The United States government has called for the UN Security Council to convene to discuss what its Ambassador to the United Nations, Linda Thomas-Greenfield, described as "daily carnage" in the Tigray Regional State of Ethiopia.
Not a single meeting has taken place among Security Council members since the war in Tigray began in November last year, despite the humanitarian toll and a series of reports of killings, rape and wanton destruction. The United States and the European Commission have been pushing for the Council to adopt the humanitarian crisis as an agenda, but have been frustrated by countries such as China and Russia.

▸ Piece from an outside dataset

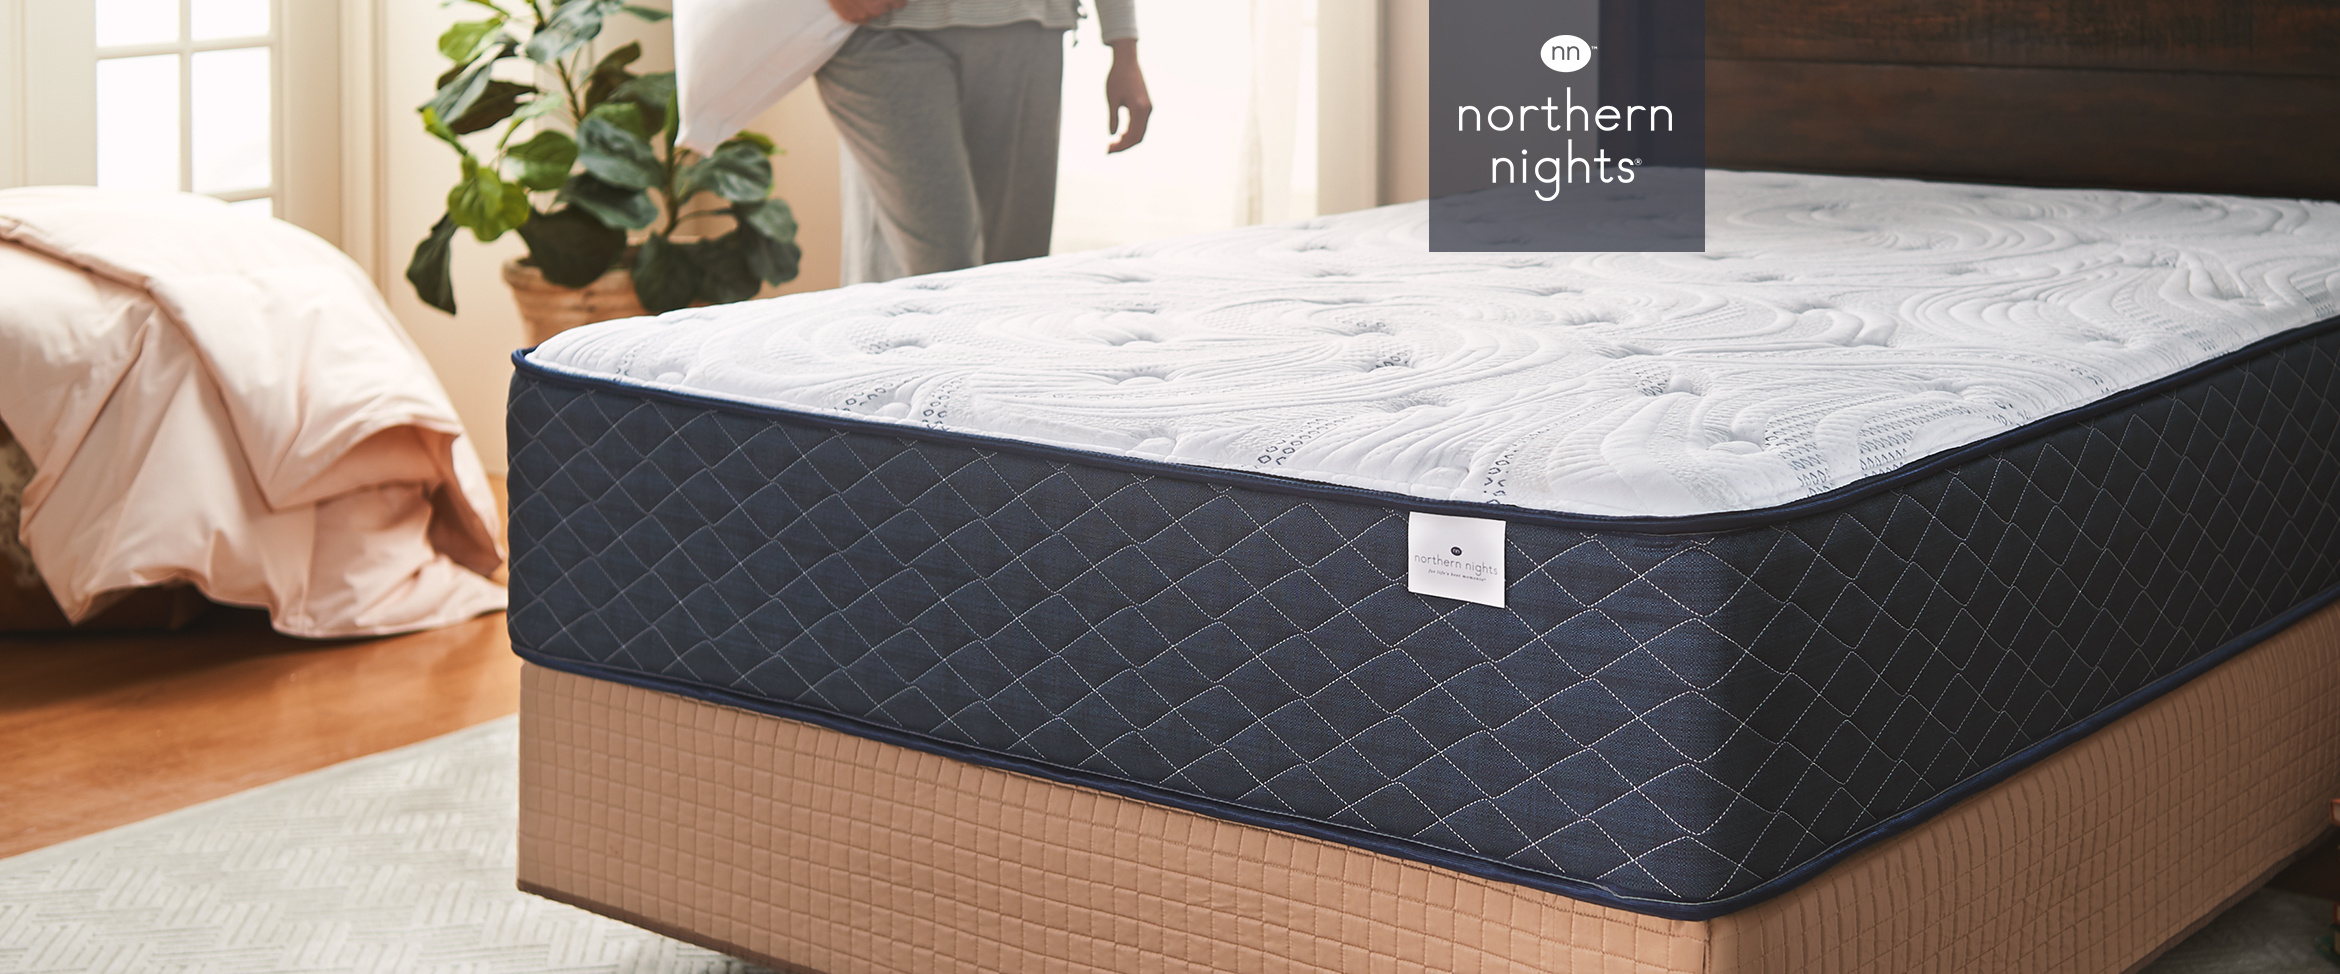 northern lights 11 dream hybrid mattress

"It's truly shocking," said Samanta Power, head of USAID, who spoke at a virtual meeting organised ahead of the G7 leaders summit scheduled tomorrow. "We go down in history as a shameful period."
Sponsored by the European Commission, the virtual meeting, is the first high pitched global summit that zoomed in on the war and humanitarian toll in Tigray.
The panellists, including Janez Lenarcic, EU commissioner for Crisis Management, and Jutta Urpilaninen, commissioner for International Partnerships, emphasised the message that the crisis in Tigray is human-made, hence avoidable. But they insisted that the attention the world has given is insufficient and blamed the Ethiopian government as an obstructionist.
Close to 300,000 people are feared to have faced famine in Tigray, and more than one million people are unreachable for humanitarian emergency assistance, international aid organisations urge.
"There is famine now," says Mark Lowcock, chief of UNOCHA.
These are allegations Ethiopian authorities deny, in a statement they issued a day before the virtual session being conducted today.
The transatlantic alliance is urging for a global united front in response to the unfolding events in Tigray.
"What happens in Ethiopia does not stay within Ethiopia," said Commissioner Urpilainen.